# UP big Boy and Gas Turbine lash-up



## Nolackofwanna (Mar 10, 2011)

Hi Guys
Just thought I'd show you what will be be my Union Pacific Freight loco setup once I get my Layout finished ... I built a Big boy from a Con-Cor kit and freed up the axles and main rods and weighted it so it could be used as a "Dummy" Loco , I did this since the majority of the HO powered Big Boys are out of reach right now. I fitted a set of couplers to the Big Boy and Hooked her up to my Series 1 UP Gas Turbine ...the setup works and add the fact that UP actually did this makes it even better....Thats almost 36" of locomotive sitting there in HO scale...I Love to see long strings of engines pulling major consists....here are some pics taken on my present "Aspenite "
layout.


----------



## tjcruiser (Jan 10, 2010)

Nice!

But if I were you, I wouldn't mention that it's a dummy.

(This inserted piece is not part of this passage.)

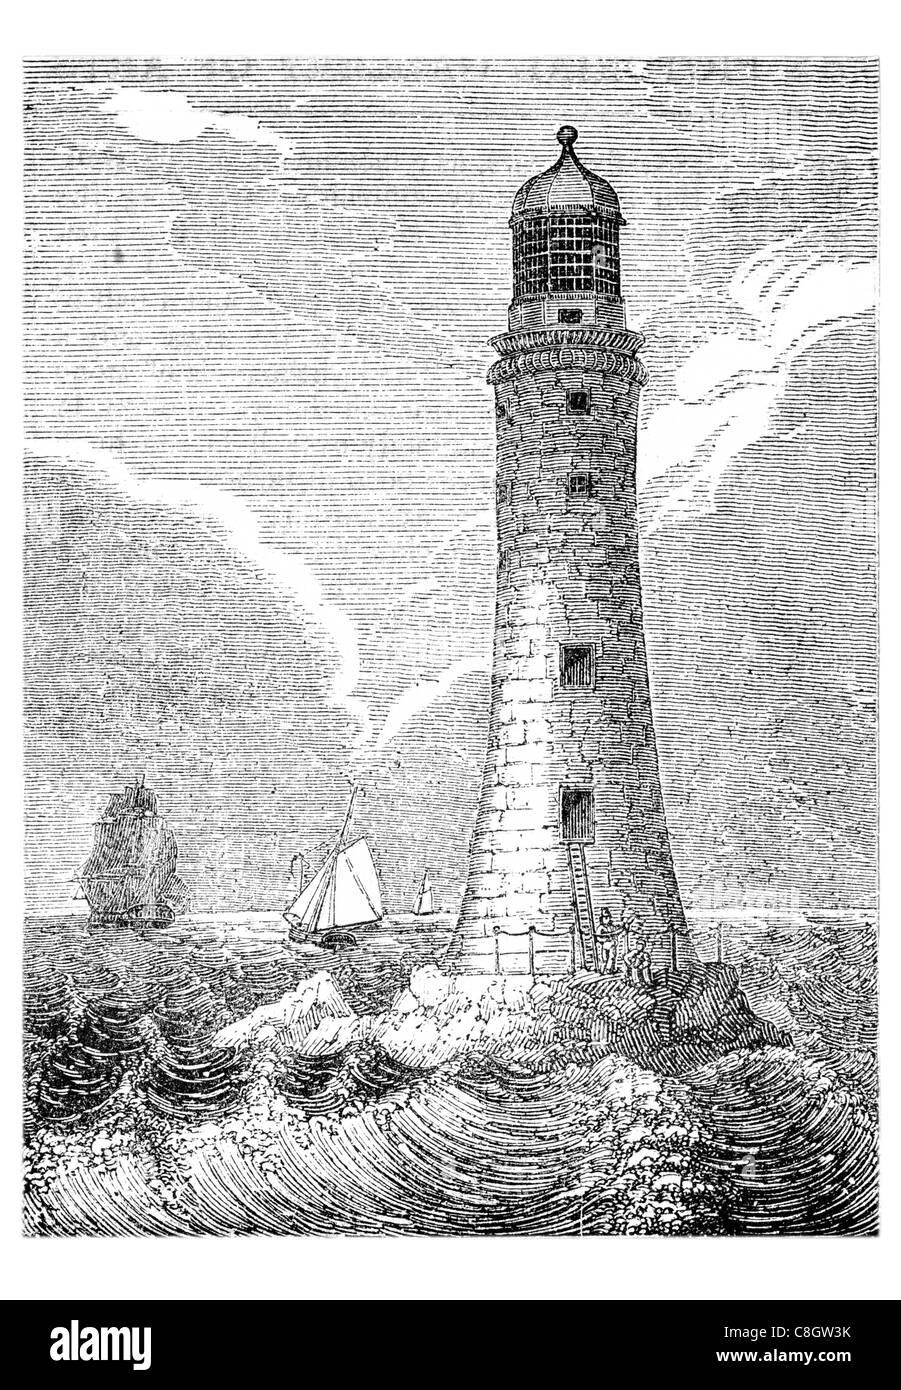 East side Eddystone Lighthouse Rocks Rame Head United Kingdom Devon Precambrian Gneiss concrete s - Stock Image

Tell the diesel heads that that old steamer is given the UP a well-needed push!

Cheers,

TJ


----------



## Nolackofwanna (Mar 10, 2011)

Hi TJ!
You betcha! great idea....and if anyone squeeks I can back it up with facts ....Up Turbine 4500Hp....The Big Boy 6300HP! Nothing like Big Steam to get the job done!

Regards!


----------



## concretepumper (Jan 2, 2011)

Thats Awesome! I was looking at the UP Turbines last night on Ebay. I gotto get one someday!


----------



## Bman (Aug 24, 2010)

Man those are two big engines!!! Looking good!


----------